Processing Any operation(s) performed on personal data (also by automated means), such as collection, recording, organisation, structuring, storage, adaptation or alteration, retrieval, consultation, use, disclosure by transmission, dissemination or otherwise making available, alignment or combination, restriction, erasure or destruction.

Processor The party (natural/legal person) processing Personal Data on behalf of a Controller.

Pseudo/Ano-nymisation Processing personal data so that it can no longer be attributed to a specific Data Subject without the use of additional information, provided that such additional information is kept separately and is subject to technical and organisational measures to ensure that the personal data are not attributed to an identified or identifiable natural person.

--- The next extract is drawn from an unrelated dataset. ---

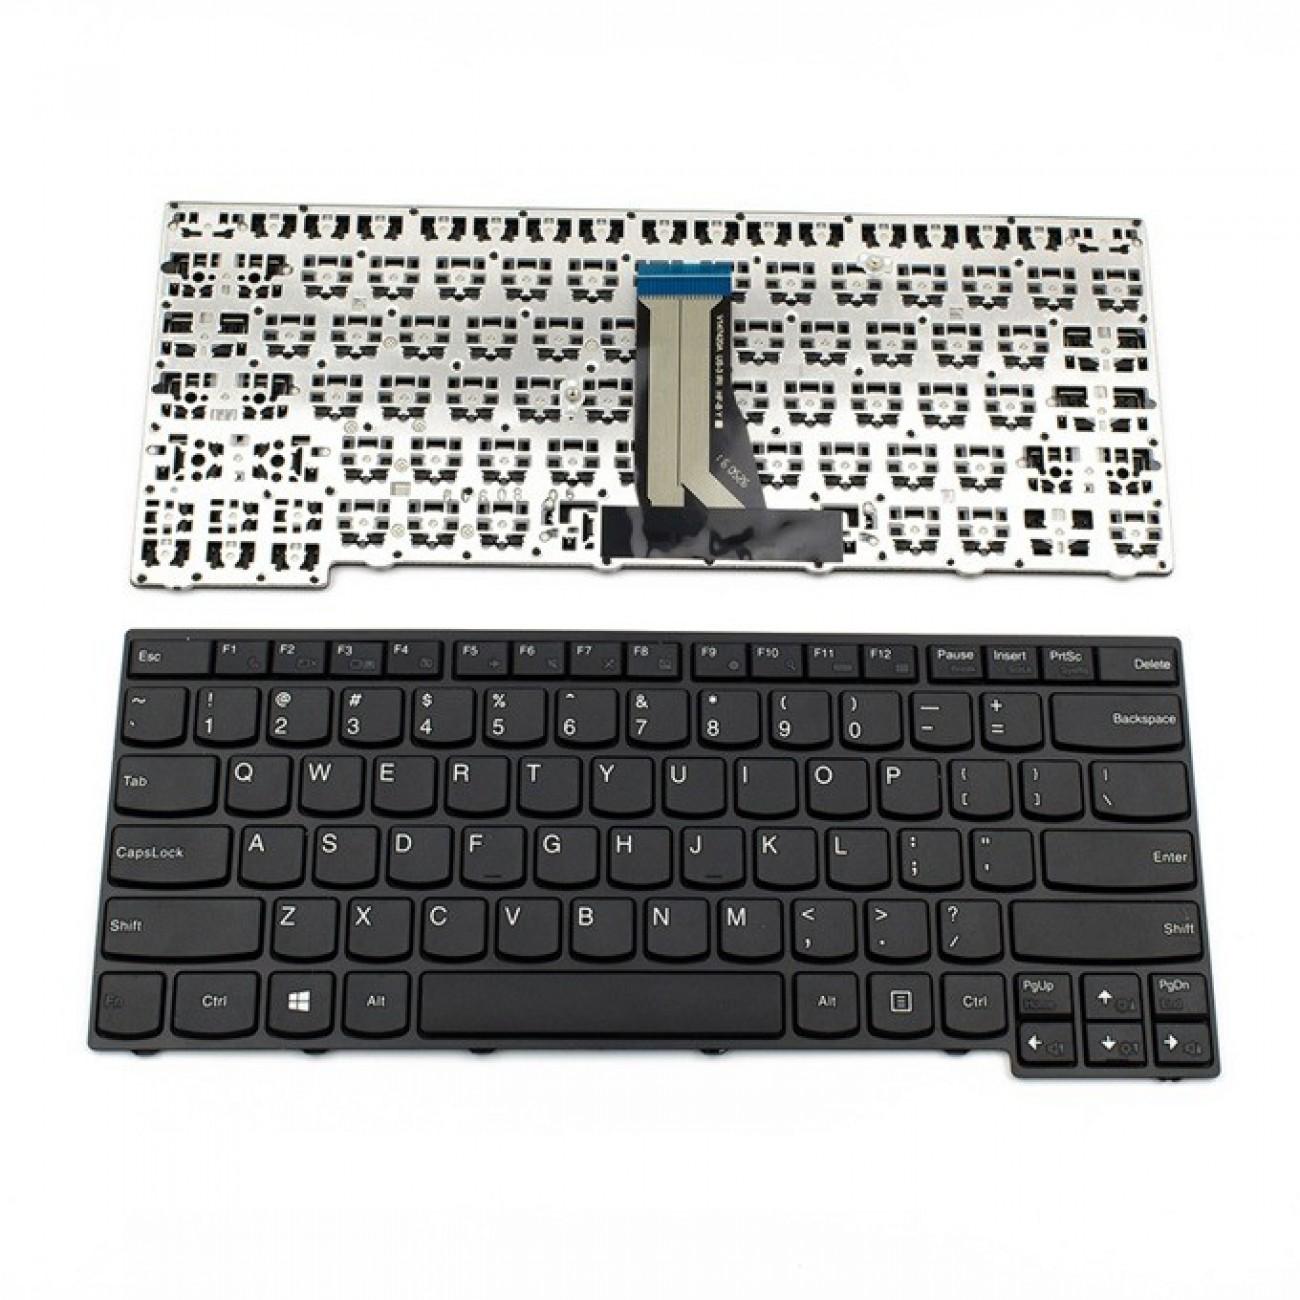 Клавиатура за Lenovo E40-30/E40-45/E40-70/E40-80/E40-81/E41-70, US, с рамка, черна в Резервни части -  | Alleop

Supervisory Authority (SA) Independent public authority/ies in each EU Member State responsible for monitoring the application of the EU GDPR. A Supervisory Authority is defined as being concerned by the processing of personal data when: (a) the controller or processor is established on the MS territory of that SA; (b) Data Subjects residing in the MS of that supervisory authority are (likely to be) substantially affected; or (c) a complaint has been lodged with that SA.

Third Party Company acting as a Processor or a Sub-Processor and receiving personal data transfer that is located in a third country, territory or one or more specified sectors within a third country, or an international organisation. OR: A party (natural/legal person) who, under the direct authority of the Controller or Processor, are authorised to process personal data.